Thursday, June 30, 2005

Tech Retraction

Okay, I got everything transfered, uploaded and fixed, so the Midnight Mysteries website is now live and in color. Woohoo (Phew)

Wednesday, June 29, 2005

Technical Difficulties


Well, this sucks.

I've been working all week to revamp the Midnight Mysteries website

And, if I may say so myself, it looks really good. But you don't know that and you're not going to for several more days because the STUPID, STINKIN' SERVER isn't working right!

Here's the background at least.

Monday, June 27, 2005

Sink or Swim

I don't have any kids of my own- not sure that I even want any, but that's a topic for another day- however that didn't stop me from pulling Mommy duty for my niece and nephew at the swimming pool today.

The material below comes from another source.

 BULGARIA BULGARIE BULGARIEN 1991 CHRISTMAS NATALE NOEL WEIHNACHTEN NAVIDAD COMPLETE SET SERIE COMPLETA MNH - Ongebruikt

Both Paul and Allegra are signed up for swim lessons and, since my brother Rafe and sister-in-law Laura are away for their anniversary, Auntie Steele got to babysit for a couple of hours. Actually the kids call me 'Anti-Steele' because I'm such a push-over around them. [Don't let it get out though. It will wreck my rep].

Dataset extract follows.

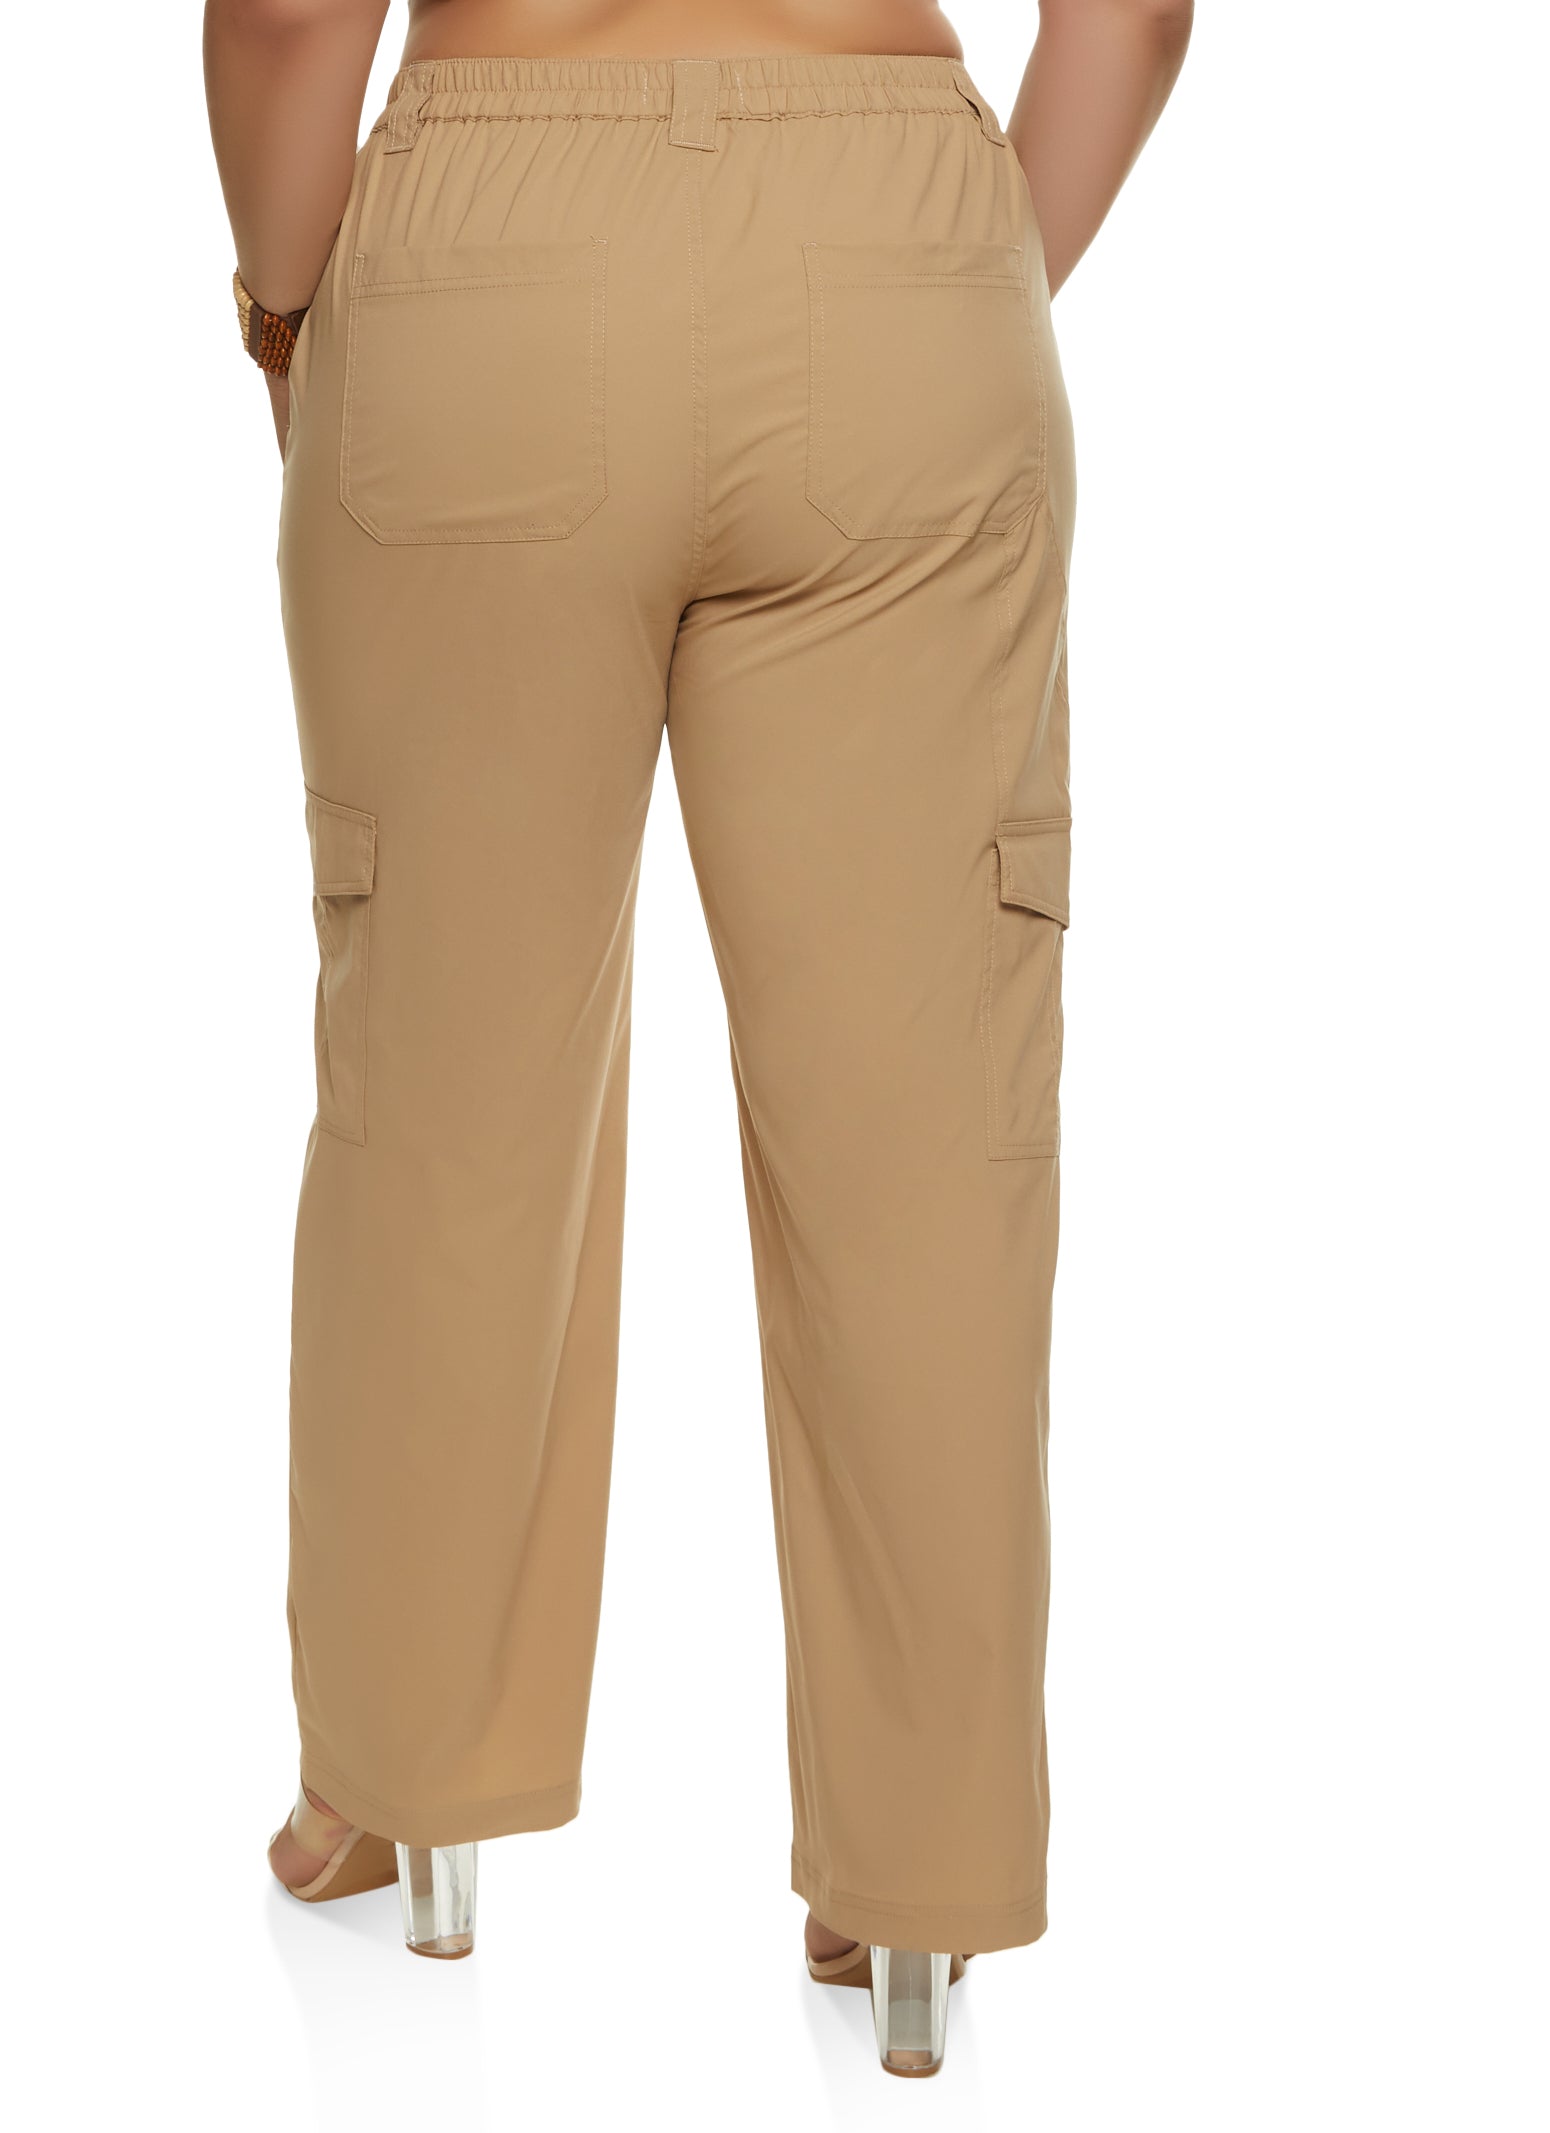 Women's Plus Size Plus Size Cargo Attitude Pant - khaki

So all of the kids line up at the water's edge because on the first day they are tested on their skills and or comfort level. My nephew Paul loves the bath tub, but can't stand the idea of going under, so he was placed in one of the beginner's classes. My girl Allegra is part fish though. She's not that great a swimmer but she's fearless and so was put into a more intermediate class.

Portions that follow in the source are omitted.